Issue Position: Jobs

Issue Position

We are learning first hand the cruel lesson that the larger the government is, the less responsive it is to the people. Nowhere is this more apparent than in the so-called stimulus bill, which we were told would create millions of new jobs and keep unemployment below 8%.

Now, even though the "stimulus" (Recovery Act) has only created more debt and the unemployment has remained at 9.4% or higher for 17 straight months, John Spratt tells us he's been good for the district.

Consider the unemployment numbers below and then ask yourself if his words match reality:

South Carolina: 11%

Marlboro County: 18.5%

Chester County: 17.9%

Lancaster County: 16.2%

Dillon County: 15.5%

York County: 15.4%

Chesterfield County: 14.9%

Cherokee County: 14.6%

Lee County: 14.5%

Fairfield County: 13.4%

Darlington County: 13.3%

Sumter County: 13.2%

Florence County: 11.6%

Newberry County: 11.5%

Kershaw County: 11.1%

To have employees, we need employers. Simply demanding jobs, or conjuring them up with deficit spending, does not solve the problem. In fact, for every federal job that has been created, 5.3 private sector jobs have been lost.

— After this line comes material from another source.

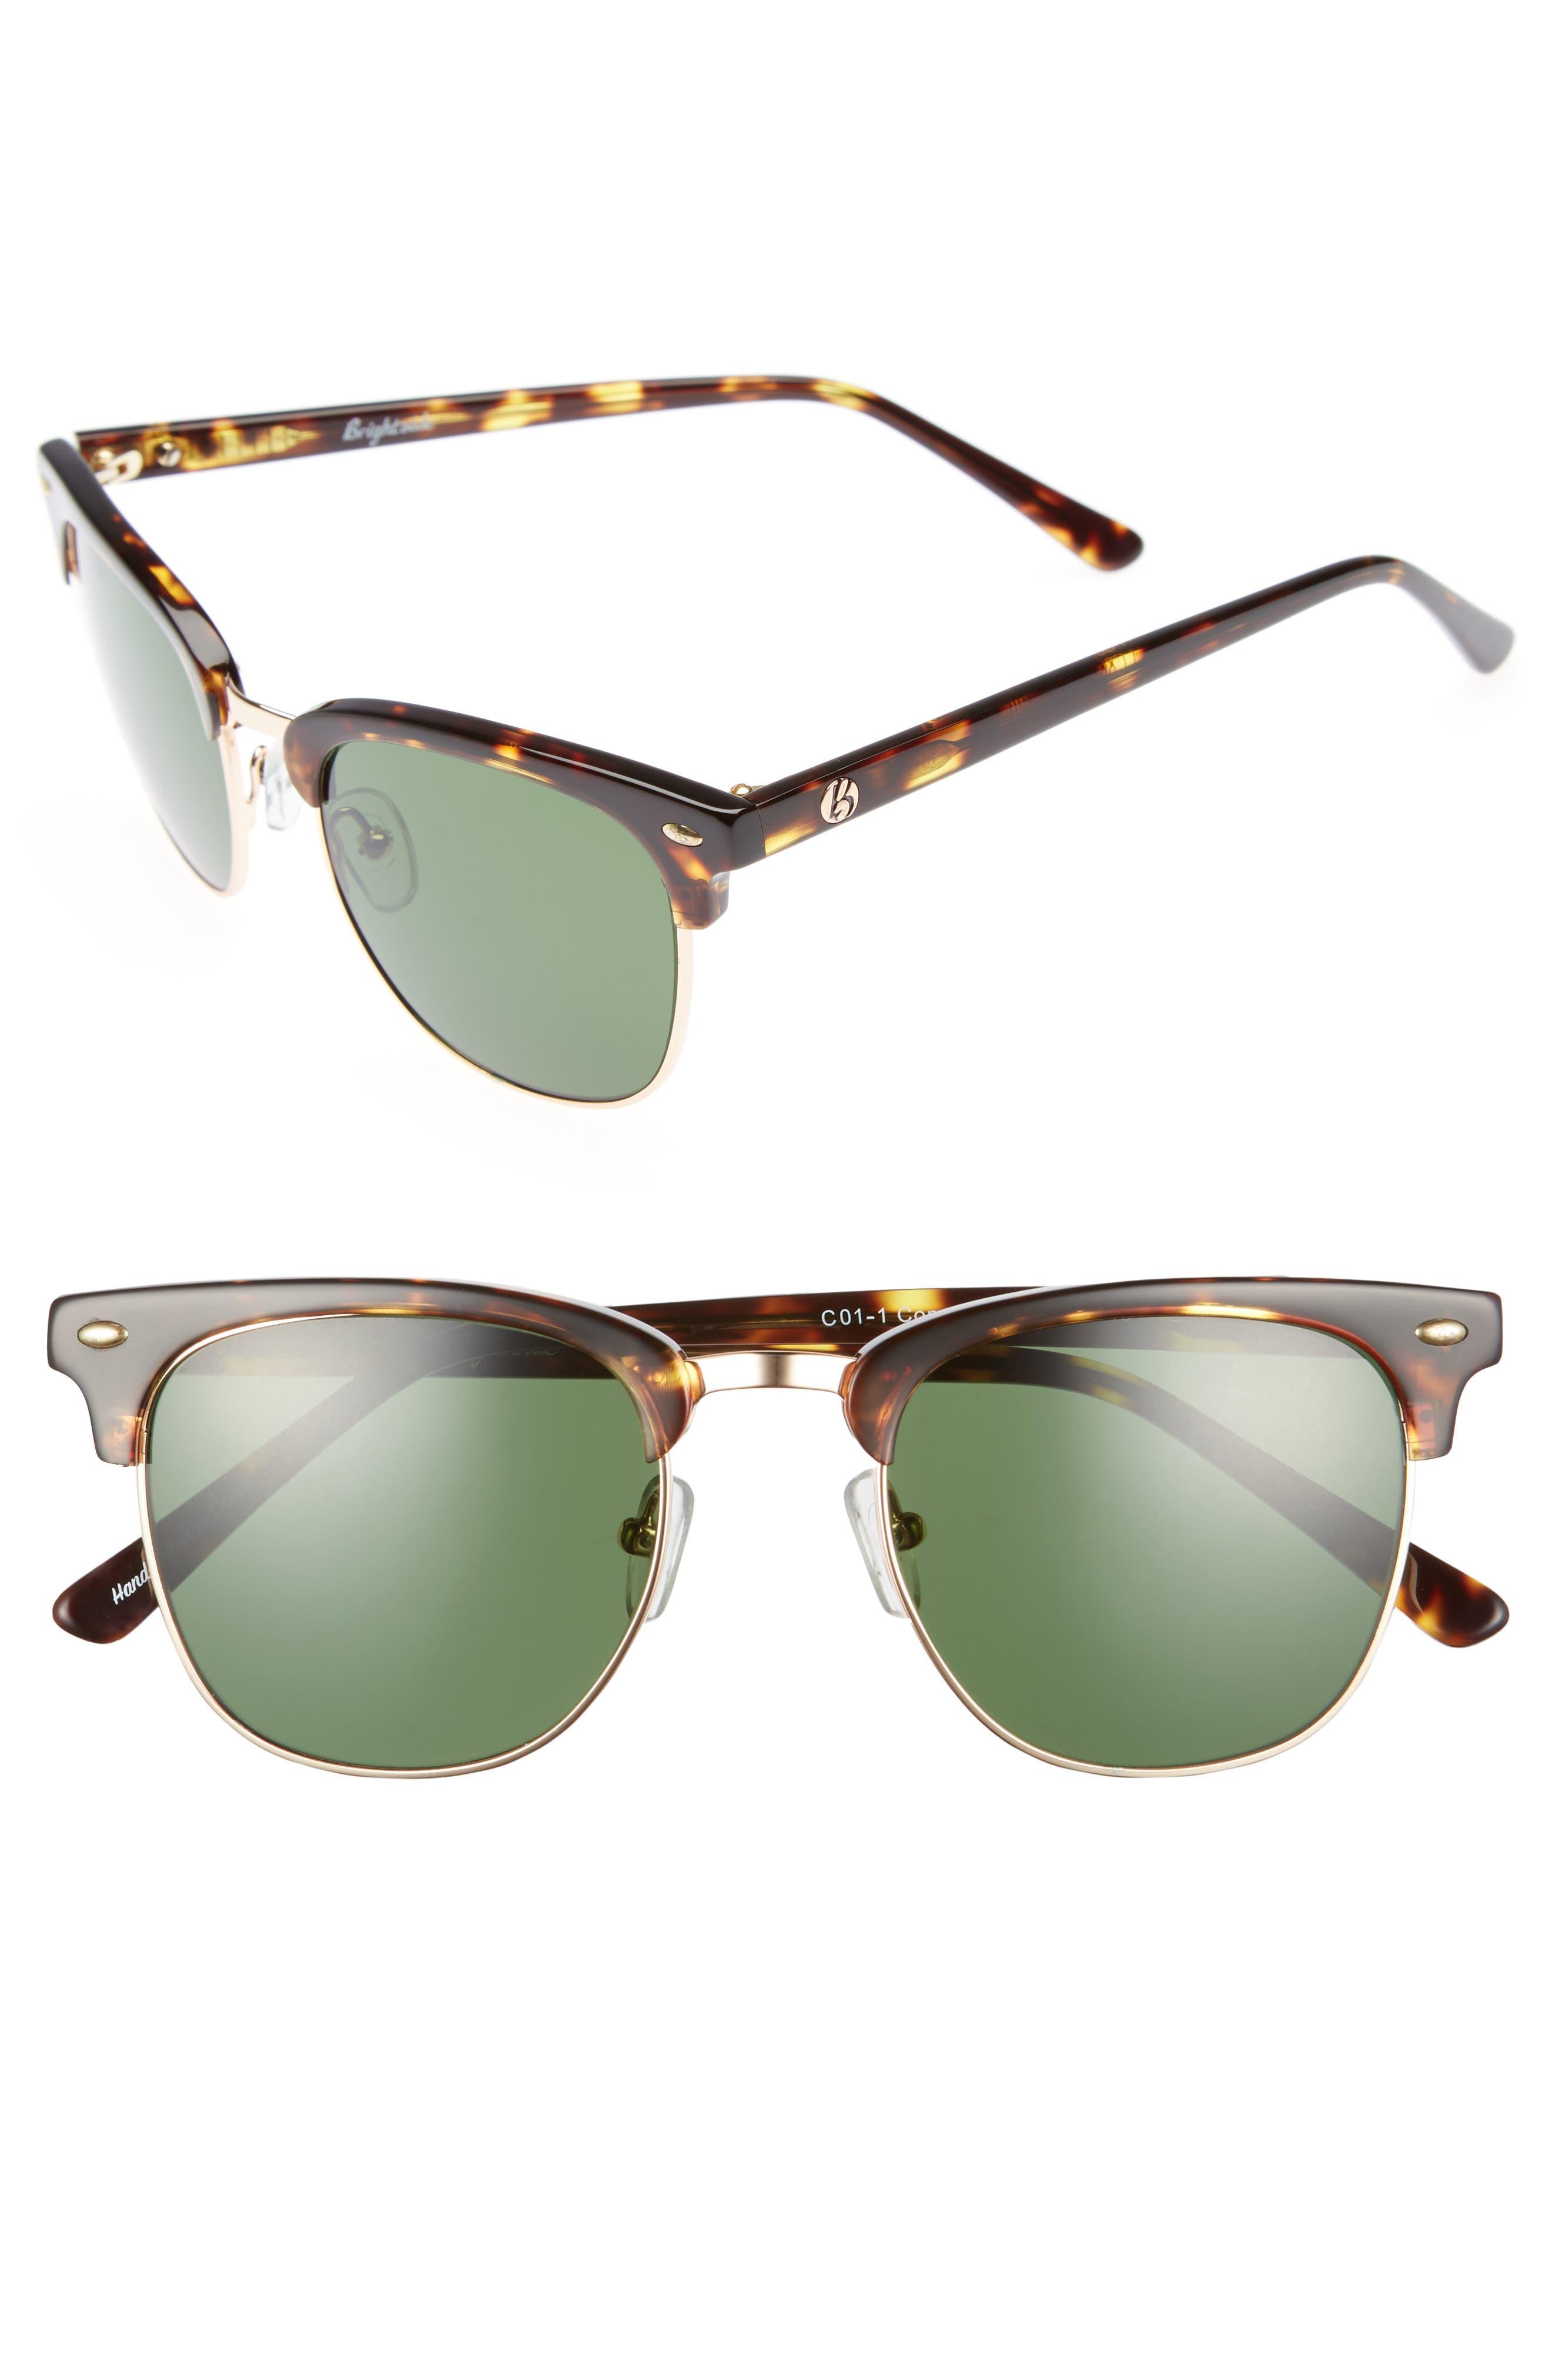 Main Image - Brightside Copeland 51mm Sunglasses

How do we turn this around? In contrast, I have proposed several specific actions we could take to rein in spending and get our country back on the right track:

1) Make the government live within its means: Federal workers make twice what their private sector colleagues make. That needs to change. We should bring federal pay into line with the private sector. We should also roll back discretionary spending -- which has grown 84% over the last few years -- to 2008 levels. And to keep spending from ballooning again, we should establish real spending caps, linking the growth of government to the growth of our own incomes. These steps alone would save more than a trillion dollars over the next ten years. Of course, a great first step in that process would be to actually pass a budget.

2) Repeal Obamacare. Nothing threatens job growth or long-term budget solvency like the massive health care takeover that Mr. Spratt shepherded through the House. Not only will this law cripple our health care system, but there is also no way to calculate how many agencies it will create, how many jobs it will destroy, or how much all that will cost. Even the Obama Administration has abandoned their original assertion that the health care takeover would reduce the deficit. The only question now is how big will the price tag eventually be.

3) Let business create jobs. When small businesses are laying folks off while the government is increasing its hiring, that is a formula for more spending and larger deficits. To control government growth, we should institute a federal hiring freeze. To kick-start business hiring, we should eliminate the capital gains tax and let American business do what it does best: grow, prosper, and create jobs.

4) Don't Raise Taxes. Nearly everyone agrees that we should not raise taxes during a recession. Unless Congress acts, income taxes, taxes on dividends and capital gains taxes will increase. The death tax will return in an even more dramatic fashion than before. The marriage penalty will be resurrected. And every family will have to pay $500 more in taxes for every child.